You need to forecast the future by looking at the past. It’s not an exact science, but looking at what happened at a point in time, especially a point in time in a cohort, can give you clues to the future.
Example: Rollup fields
Rollup fields help you get the current state of related data, answering questions like “how many contacts does this account have right now?” By taking related queries and running them in the background, a rollup field makes it easier to conduct complicated analysis.
You can also create segments in your data by asking true/false questions about these rollup fields, e.g.
does this account fall into the ideal customer profile?
has the account passed an activity threshold this week?
when enriched, is the account in a target industry?
All of these questions are a good way to bucket accounts into dynamic groups right now. But one of the things you’ll want to know about calculations like this one is how they change over time.
Why track change over time?
When you’re thinking about slowly changing dimensions, especially ones that involve counting other things like pipeline, cumulative activity, or segment membership, storing this information in snapshotted tables will help you to see this change on a daily, weekly, or monthly basis.

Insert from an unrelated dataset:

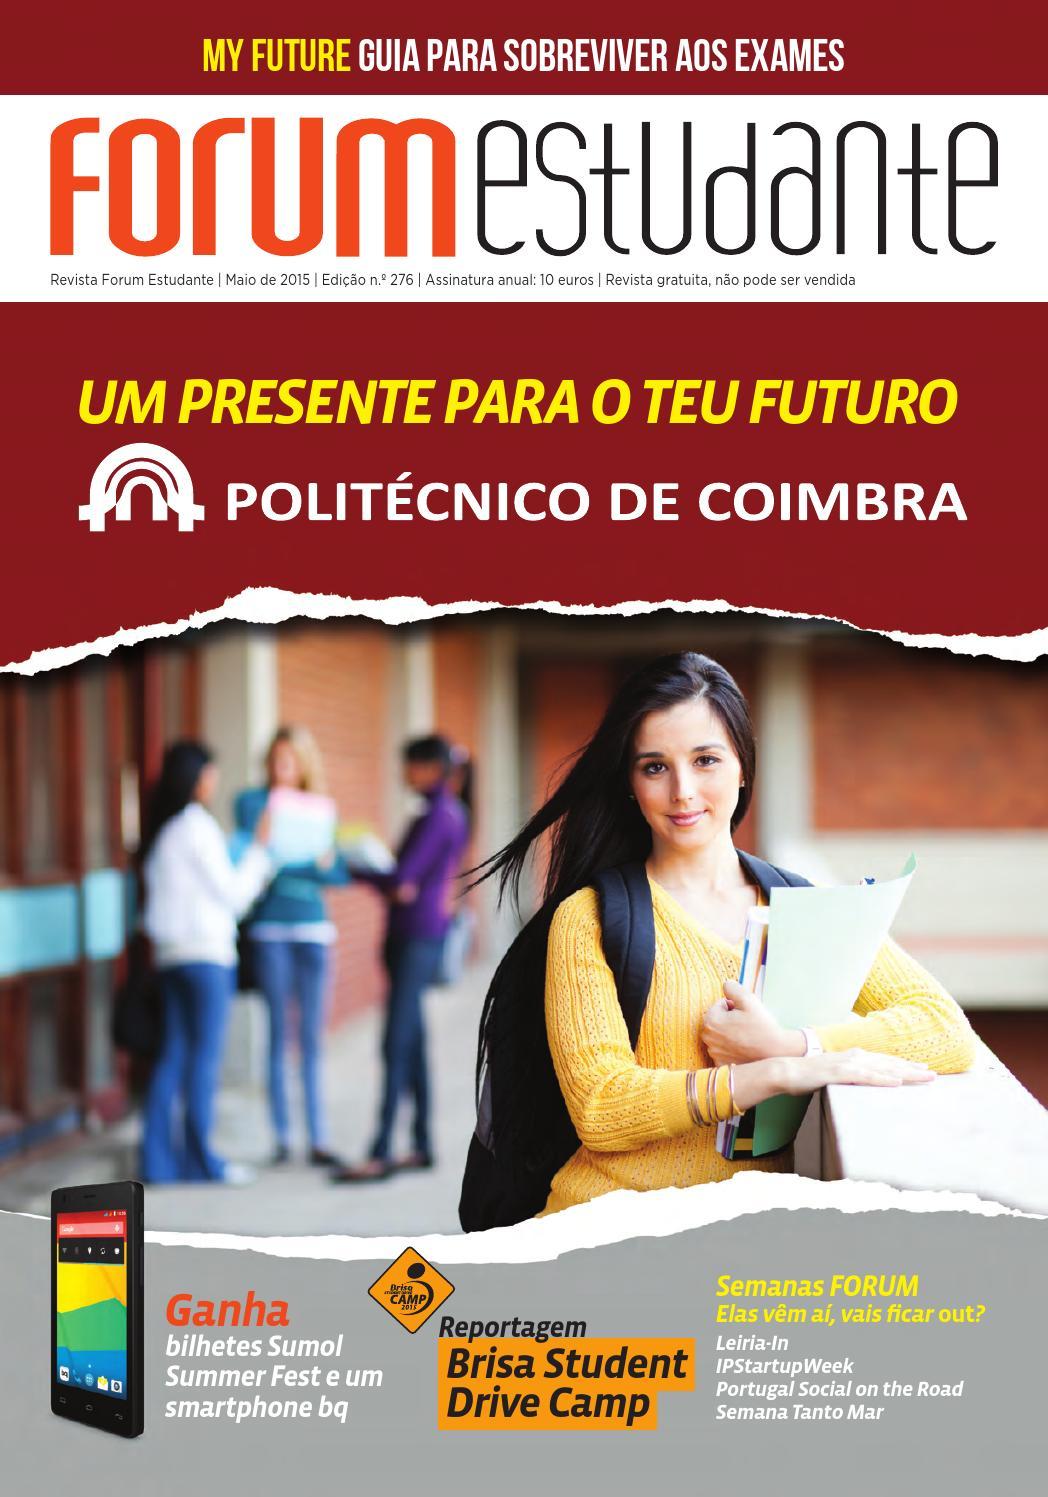 276 Revista Forum Estudante Maio 2014 By Forum Estudante Issuu

Using a snapshot lets you zoom backward to a point in the past where you can apply existing or new logic based on the fields you captured at the time. Whether you’re referring to something concrete – the count of accounts in a particular stage and the qualified opportunity dollars in pipeline on a particular date – or something more abstract, like segment membership, snapshots show future you what was happening at that date and time.
Time grains and storing snapshot data
After the data is stored, you don’t typically get to go back and recapture it, so be careful to select the initial time grain to store the data. Daily data is a good middle ground to capture that gives you later flexibility while minimizing the number of rows stored. It also makes it relatively easy to transform measurements into weekly, monthly, quarterly, and annual increments capturing incremental change.
For our segment example, you might model the data this way to capture the movement of accounts from segment to segment over time:
a segment table, with ID, segment name, description, start date, and end date to capture the slow changes of your segments
a snapshot table with segmentID, accountID, start date, and end date, event, event description (along with any other relevant account fields)
an account snapshot table captured daily with account fields
This structure could give you changes over time relative to the account and its movement in and out of segments, revealing both the change in the account and the change in the way you are thinking about it over time. By using both of these change sets, you make it possible to track arbitrary changes in your data, while also enabling backfilling of segment data if you recombine changes in your snapshotted accounts later.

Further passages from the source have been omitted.